Lucho estaba inmóvil a mi lado, camuflado bajo su tapiz de hojas secas. Hubiera querido reír de no haber tenido tanto miedo. Y llorar también. No quería darles el gusto de volver a agarrarnos.

Los guerrilleros seguían riendo. ¿Dónde estaban? Del lado del río, a nuestra izquierda. Pero allá la vegetación era muy densa. Luego oímos el ruido de un motor, nuevamente voces, el eco metálico de hombres embarcándose, el ruido de los fusiles, de nuevo el motor ahora alejándose, y al fin el silencio de los árboles. Cerré los ojos.

La noche cayó muy pronto. Me sorprendía estar cómoda con mi ropa mojada que guardaba el calor de mi cuerpo. Me dolían los dedos pero había logrado mantener limpias las uñas, y las cutículas, que normalmente me atormentaban, estaban intactas. Me había recogido el pelo en una trenza muy apretada que no tenía la menor intención de tocar en mucho tiempo. Habíamos decidido que siempre comeríamos algo antes de retomar el río, y para esta jornada nos permitimos cada uno una galleta y un pedazo de panela. Reanudarían su cacería al amanecer, a la misma hora en que nosotros saldríamos del río para escondernos entre los árboles. Debíamos salir a las dos de la mañana para tener tres horas de navegación antes de la aurora. Queríamos tocar las orillas con las primeras luces del alba, pues nos asustaba meternos a ciegas en el matorral. Nos pusimos de acuerdo sobre todo aquello mientras permanecíamos acurrucados entre las raíces de nuestra vieja ceiba, esperando que escampara para podernos encoger sobre los plásticos y dormir un poco más.

No escampó. Nos quedamos dormidos el uno sobre el otro, pues no fuimos capaces de seguir luchando contra el sueño.
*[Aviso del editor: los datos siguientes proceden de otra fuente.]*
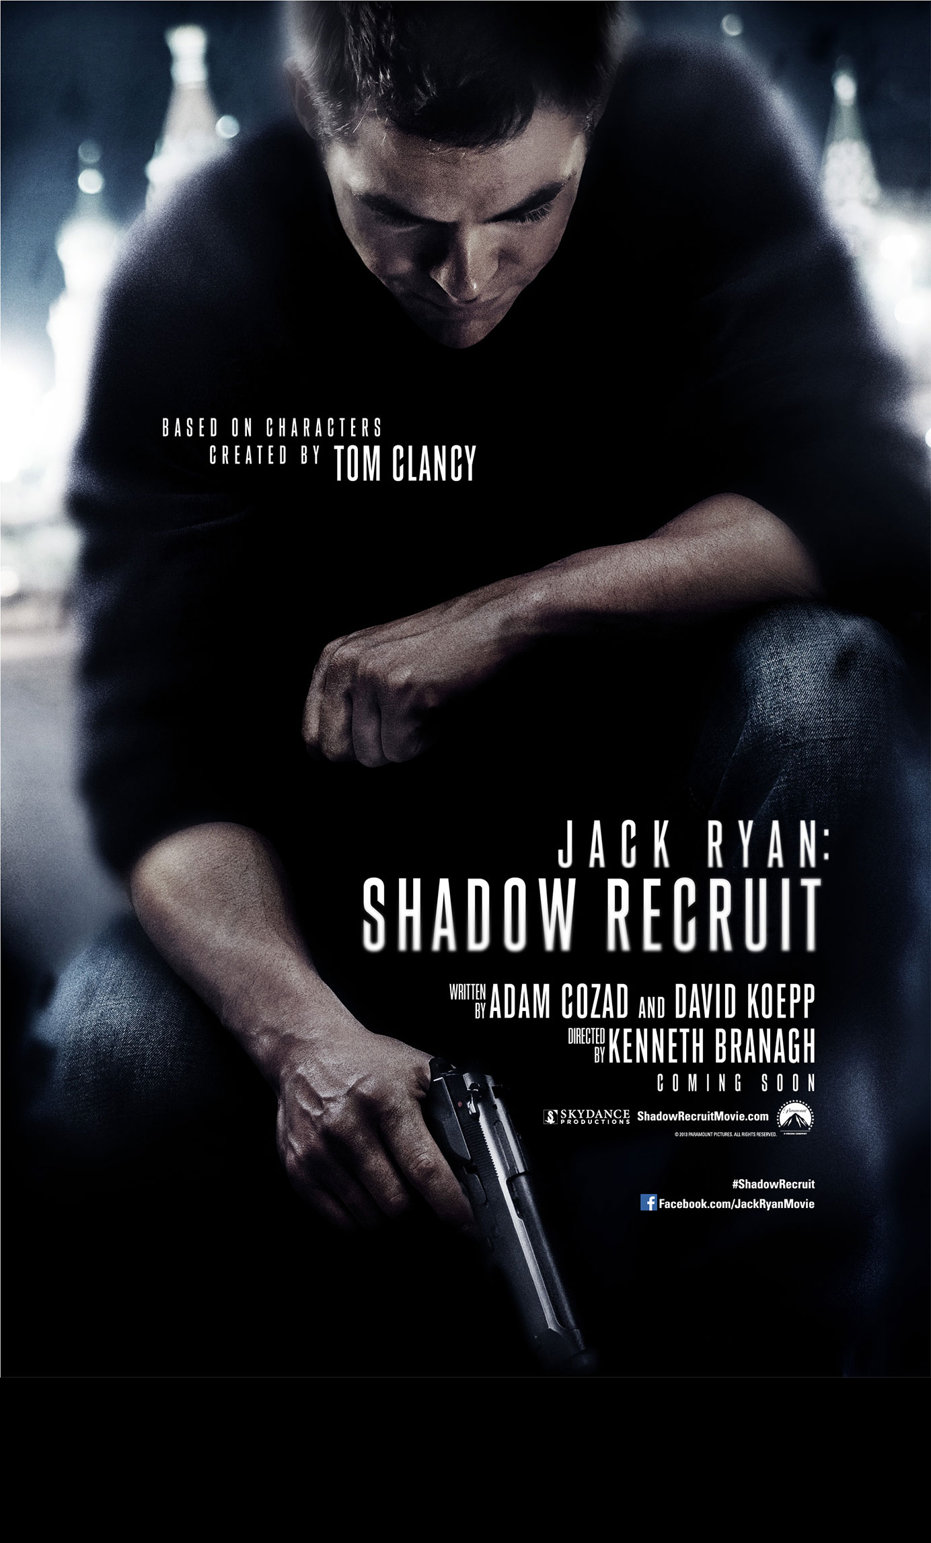 jack-ryan-shadow-recruit-poster.jpg
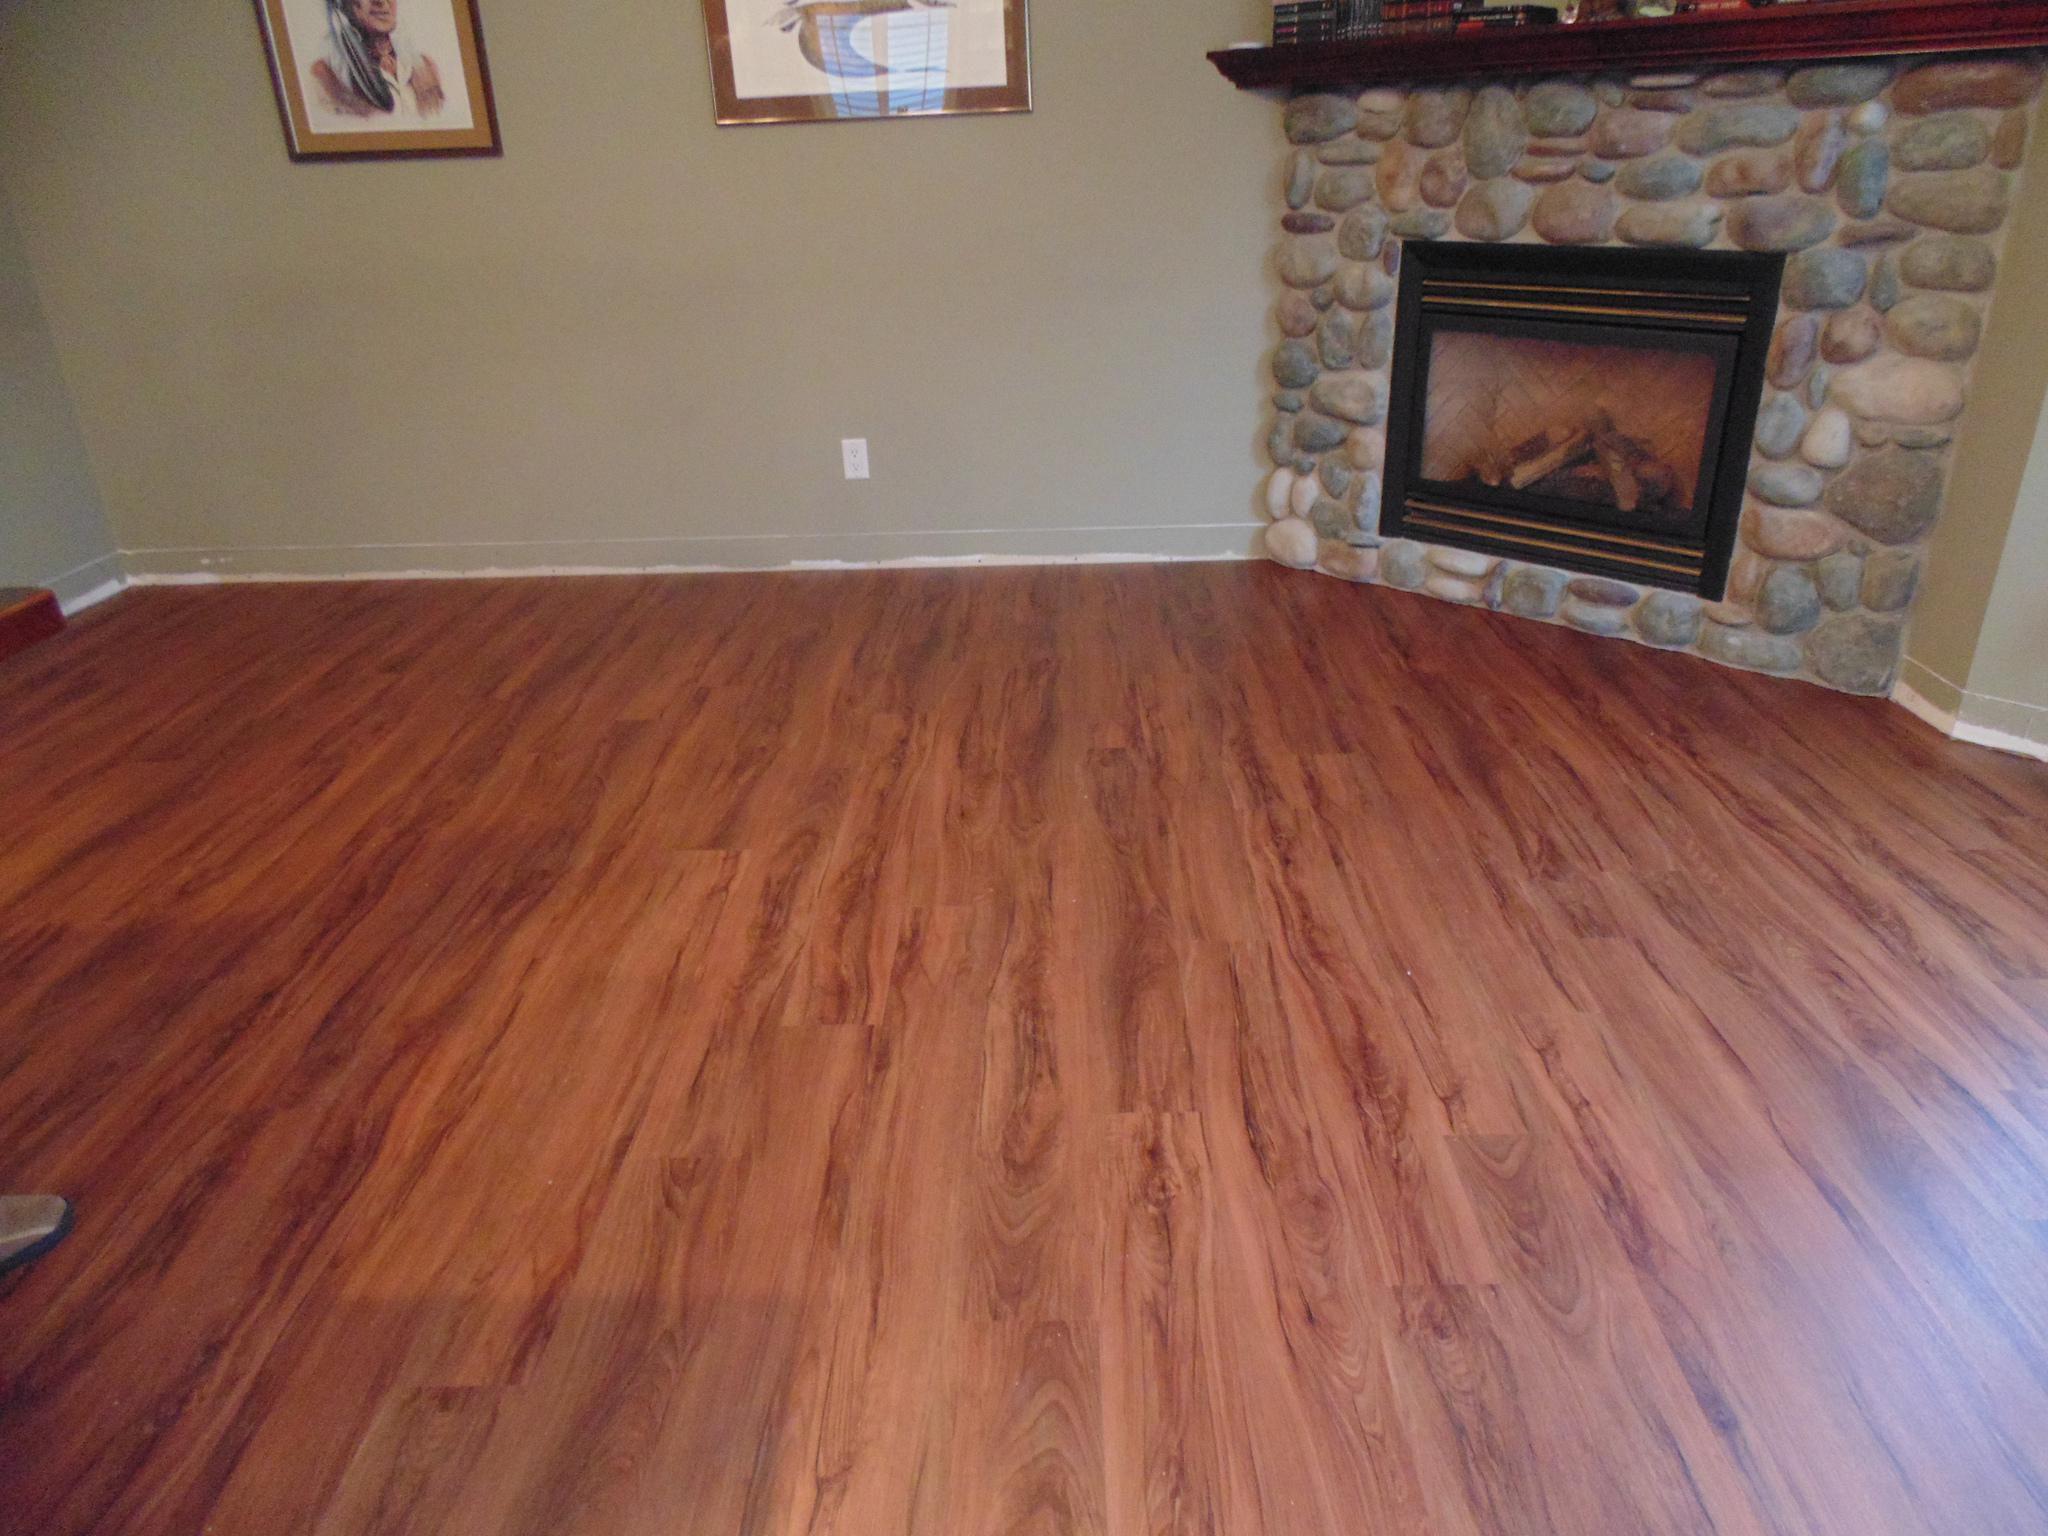 16 Fantastic Ct Hardwood Flooring Llc 2021 free download ct hardwood flooring llc of installing allure vinyl plank flooring regarding 11330786105 d09855f234 k 56a4a2965f9b58b7d0d7ef13

Me despertó un ruido fuerte. Luego, nada. Nuevamente algo se retorció en el pantano y golpeó el agua con violencia. No veía más que oscuridad. Lucho buscó la linterna y, haciendo una excepción a nuestra regla, la encendió por un segundo.

—¡Es un cachirre! —grité horrorizada.

—No, es un guío —replicó Lucho—. Lleva su presa al agua para ahogarla.

Probablemente tenía razón. Recordaba al guío que había estrangulado al gallo del campamento de Andrés. Desde la casita de madera lo escuché hacer ¡paf! al caer al río, llevándose a su presa a las profundidades. Era el mismo sonido.

Guardamos silencio. En algunos minutos tendríamos que sumergirnos en esas mismas aguas negras. Ya eran las dos de la mañana.

Esperamos. Se había instalado una paz sepulcral.

—Bueno, hay que irnos —declaró Lucho mientras ataba las cuerdas a sus botas.

Entramos al río con aprensión. Al avanzar me estrellaba contra los árboles. De nuevo, la corriente nos aspiró con brusquedad, jalándonos de debajo de la bóveda de vegetación para proyectarnos a cielo abierto en medio del río. Era más rápida que la víspera, y nos deslizábamos girando sin control sobre nuestro eje.